American basketball player and coach (1890–1971)

Laurence Wild (May 1, 1890 – May 26, 1971) was a United States Navy Captain, college basketball player and coach, and the governor of American Samoa from August 8, 1940, to June 5, 1942. Wild was born in Wilber, Nebraska, and lived in the 4th Congressional District of Nebraska for much of his adult life. He graduated from the United States Naval Academy in 1913; while there he played for the Navy Midshipmen basketball team, and was named a 1913 NCAA Basketball All-American. He returned as head coach of the team for one year (1913–14), coaching for ten games and winning all of them.

While a Lieutenant Commander, Wild served as a communications officer for Submarine Squadron 11. President of the United States Franklin Roosevelt recommended Wild for the rank of captain in 1939.

During his governorship, a more complicated political structure arose in American Samoa when Brigadier General Henry Louis Larsen of the United States Marine Corps became Military Governor and Island Commander of Tutuila. Though Larsen outranked him and commanded the military on the island, Wild held the senior position, and ultimately maintained control over the administration of all the islands in American Samoa. On March 13, 1941, Wild ordered the construction of an airfield on the main island.

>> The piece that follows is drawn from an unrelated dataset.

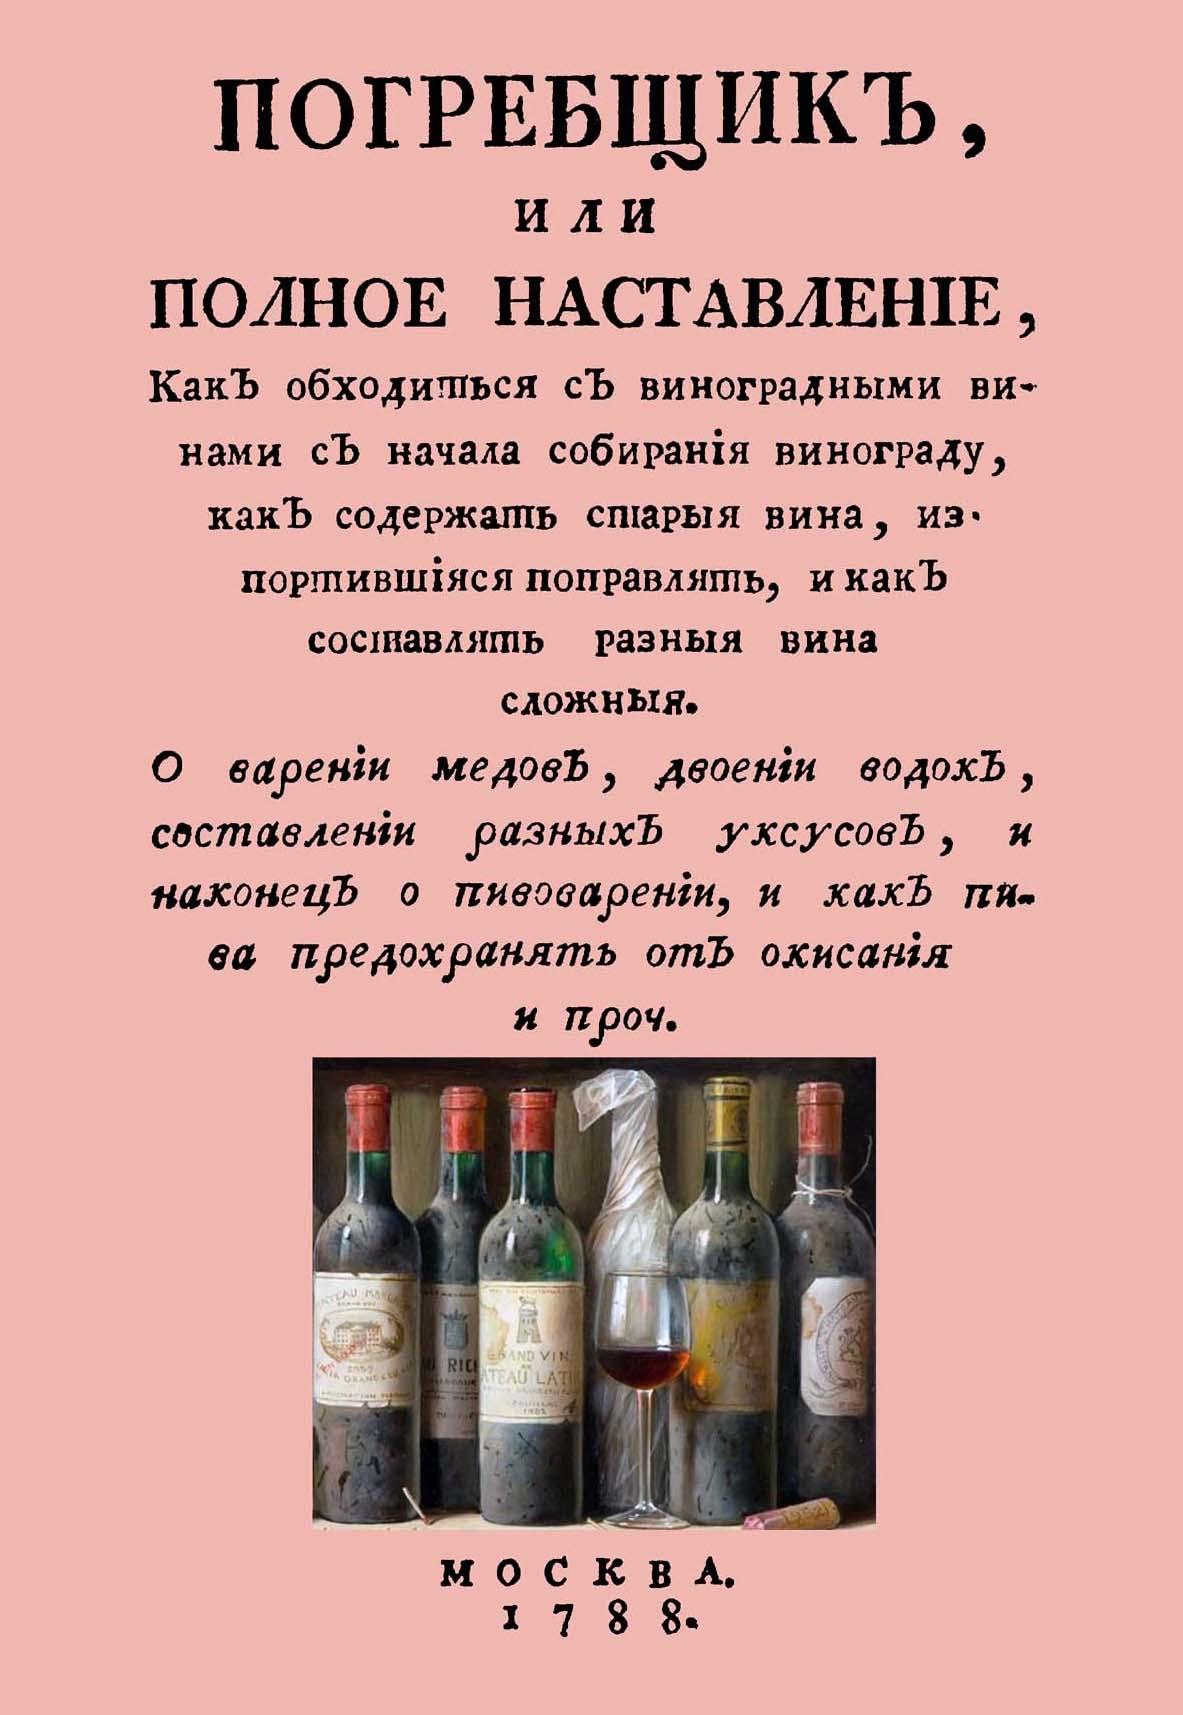 В. Левшин Погребщик, или полное наставление, как обходиться с виноградными винами с начала собирания винограда, как содержать старые вина, испортившиеся поправлять, и как составлять разные вина сложные книга вина

Governor Wild was the first wartime governor of American Samoa. Under his administration, preparations for the defense of Tutuila, particularly Pago Pago, commenced. On January 5, 1942, the U.S. Navy began mining the approaches to Pago Pago. Wild recommended to the Chief of Naval Operations the establishment of an insular native force distinct from the Fitafita Guard. This led to the creation of a force that later became the First Samoan Battalion, U.S. Marine Corps Reserve.

He died in Coronado, California on May 26, 1971.